An HTree is a specialized tree data structure for directory indexing, similar to a B-tree. They are constant depth of either one or two levels, have a high fanout factor, use a hash of the filename, and do not require balancing. The HTree algorithm is distinguished from standard B-tree methods by its treatment of hash collisions, which may overflow across multiple leaf and index blocks. HTree indexes are used in the ext3 and ext4 Linux filesystems, and were incorporated into the Linux kernel around 2.5.40. HTree indexing improved the scalability of Linux ext2 based filesystems from a practical limit of a few thousand files, into the range of tens of millions of files per directory.

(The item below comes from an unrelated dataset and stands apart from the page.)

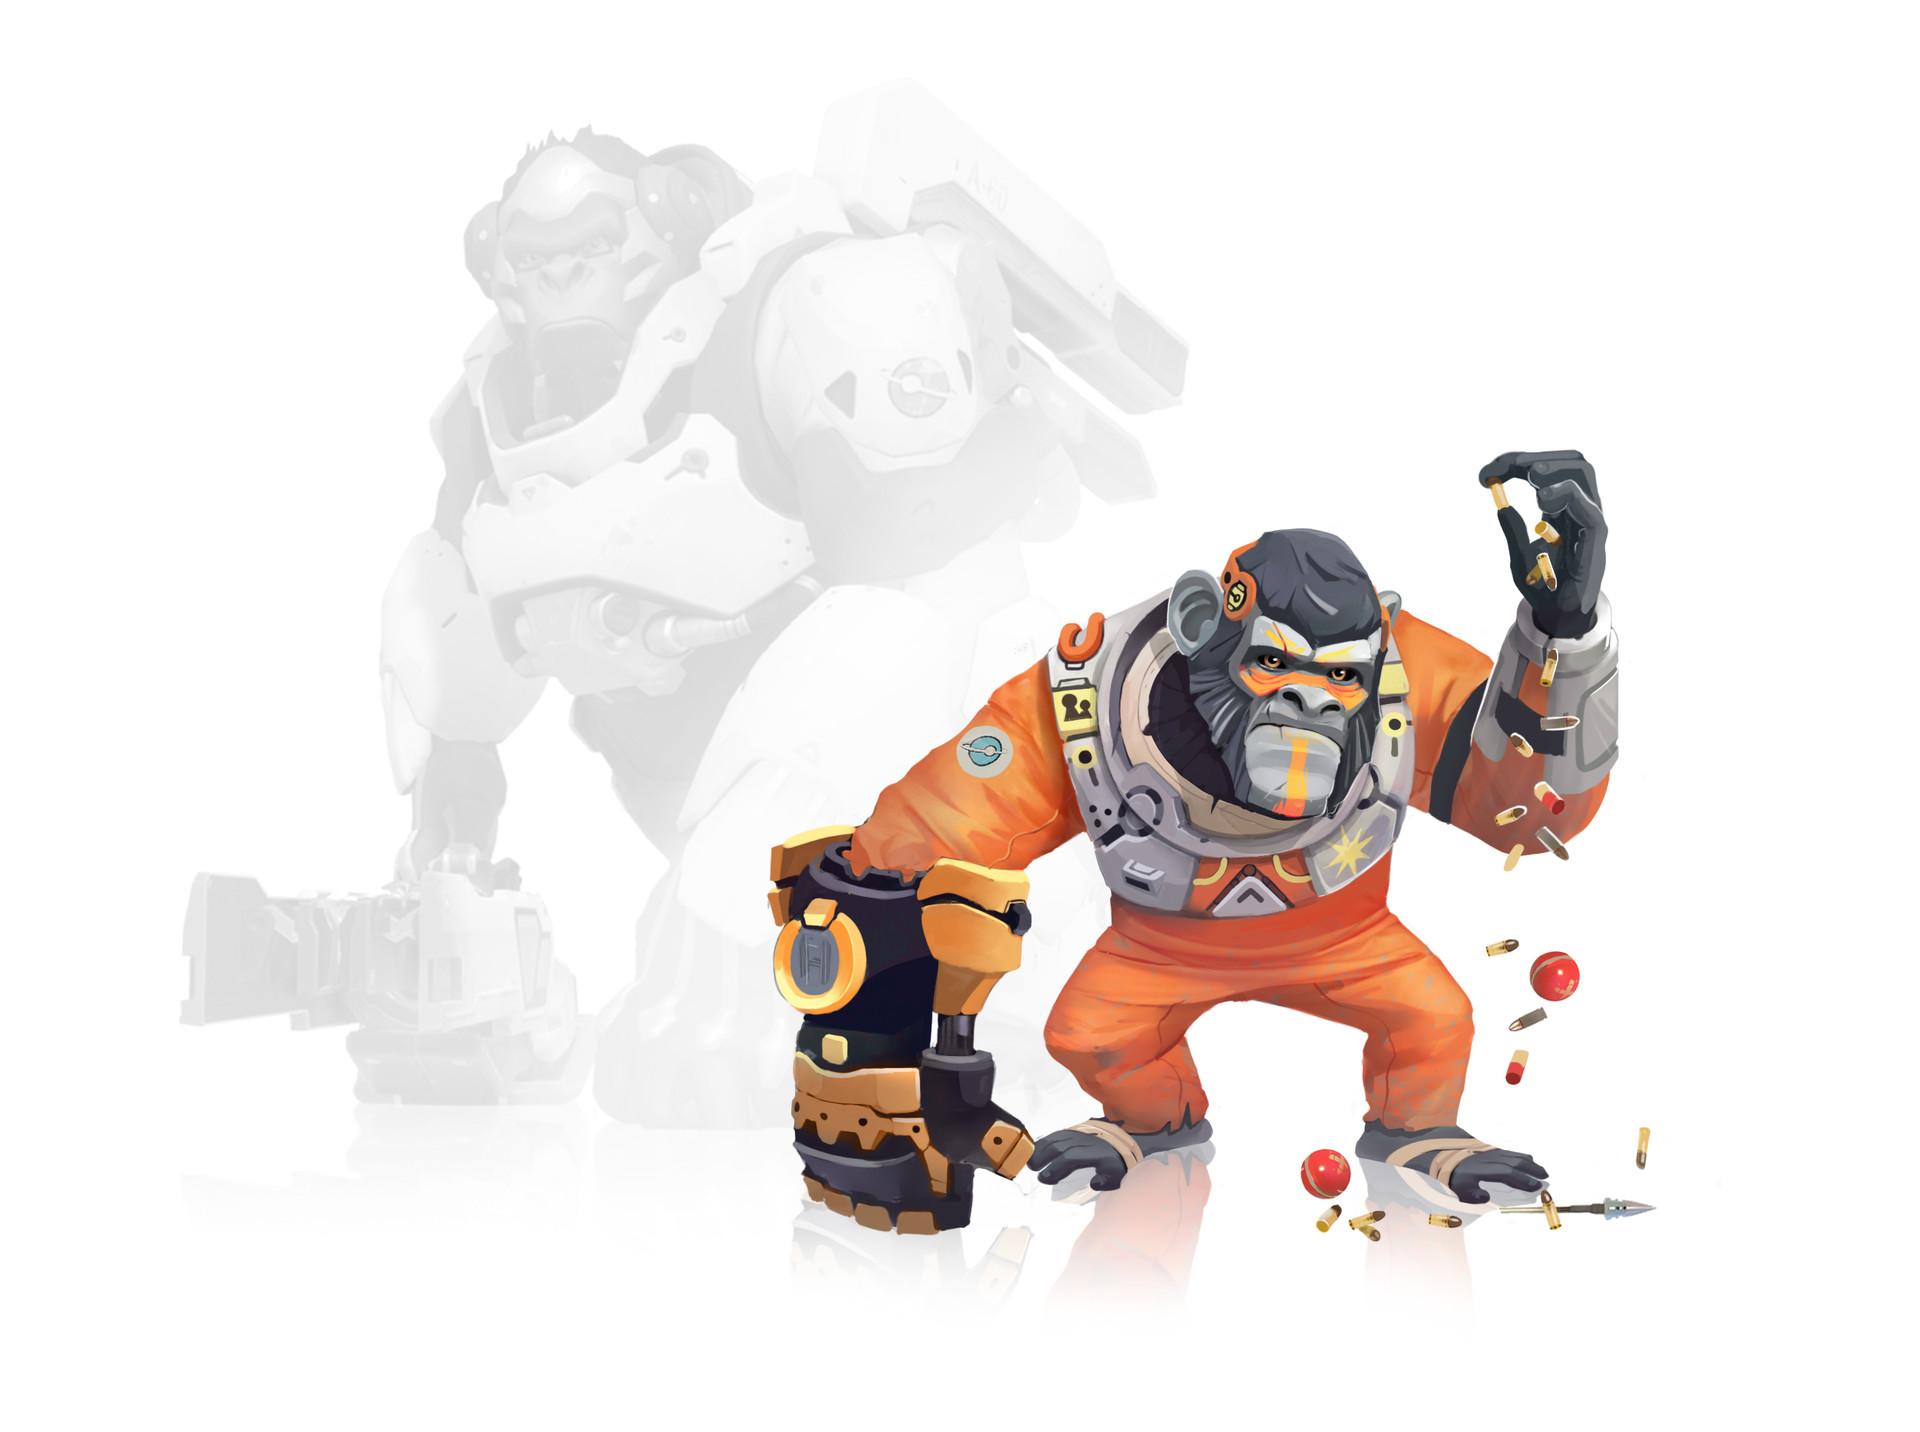 Hammond / Doomfist / Overwatch Character

The HTree index data structure and algorithm were developed by Daniel Phillips in 2000 and implemented for the ext2 filesystem in February 2001. A port to the ext3 filesystem by Christopher Li and Andrew Morton in 2002 during the 2.5 kernel series added journal based crash consistency. With minor improvements, HTree continues to be used in ext4 in the Linux 3.x.x kernel series.

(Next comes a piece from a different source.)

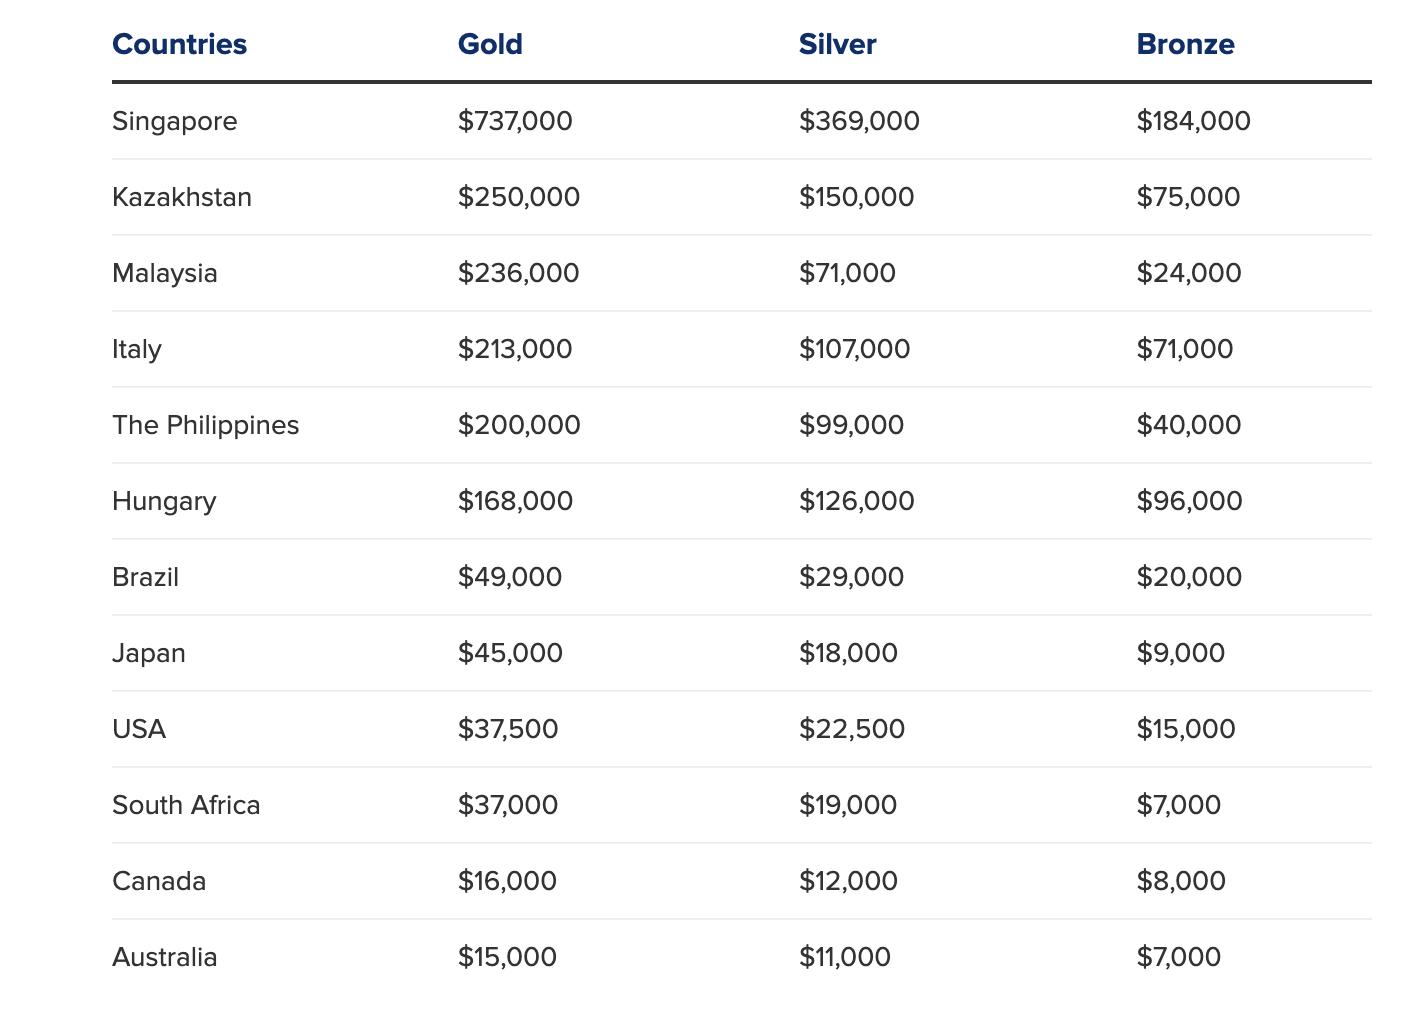 Các VĐV Olympic nhận thưởng bao nhiêu khi giành HCV? Mỹ treo thưởng 863 triệu nhưng chỉ bằng 1/20 so với Singapore - Ảnh 2.

- ext2 HTree indexes were originally developed for ext2 but the patch never made it to the official branch. The dir_index feature can be enabled when creating an ext2 filesystem, but the ext2 code won't act on it.
- ext3 HTree indexes are available in ext3 when the dir_index feature is enabled.

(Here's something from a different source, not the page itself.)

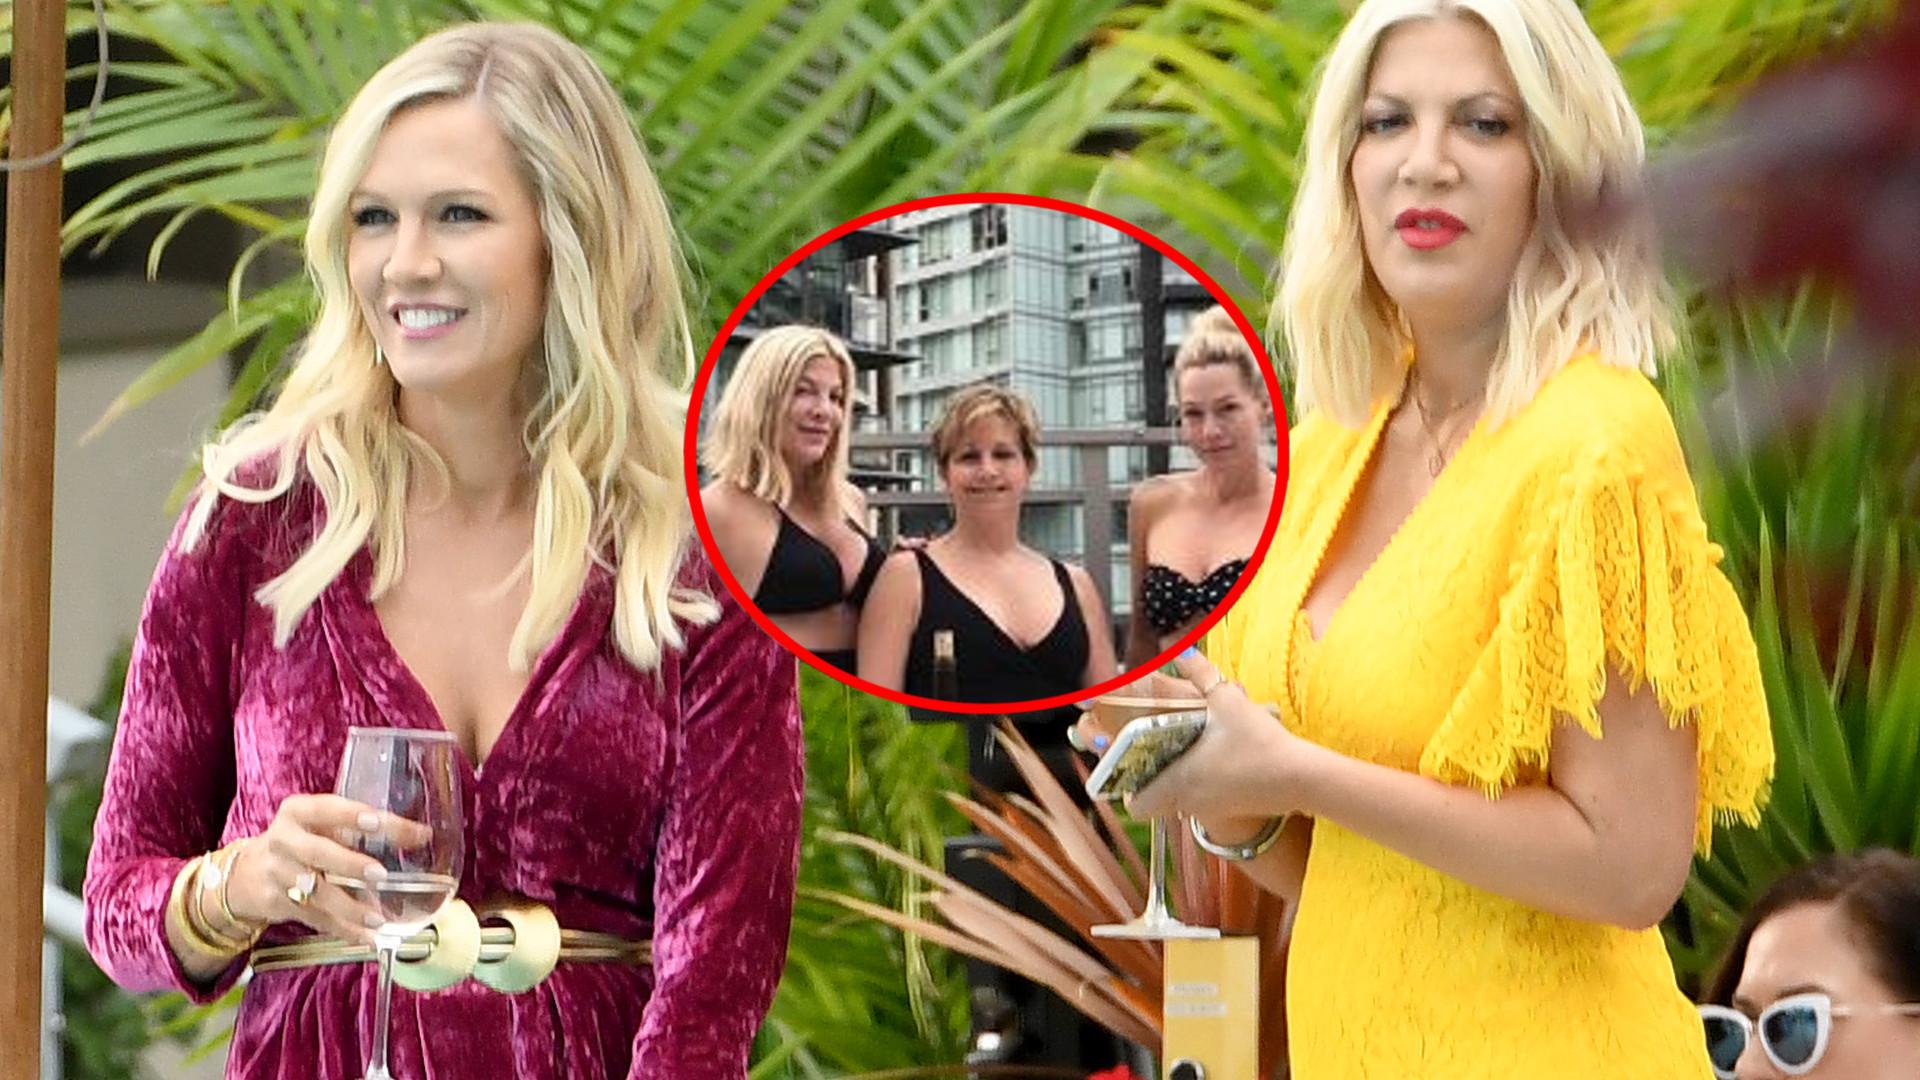 WOW! Tori Spelling i Jennie Garth na planie reaktywowanego Beverly Hills wyglądają ŚWIETNIE! (ZDJĘCIA)

- ext4 HTree indexes are turned on by default in ext4. This feature is implemented in Linux kernel 2.6.23. HTree indexes is also used for file extents when a file needs more than the 4 extents stored in the inode. The large_dir feature of ext4 is implemented in Linux kernel 4.13.
PHTree (Physically stable HTree) is a derivation intended as a successor.[unreliable source?] It fixes all the known issues with HTree except for write multiplication. It is used in the Tux3 filesystem.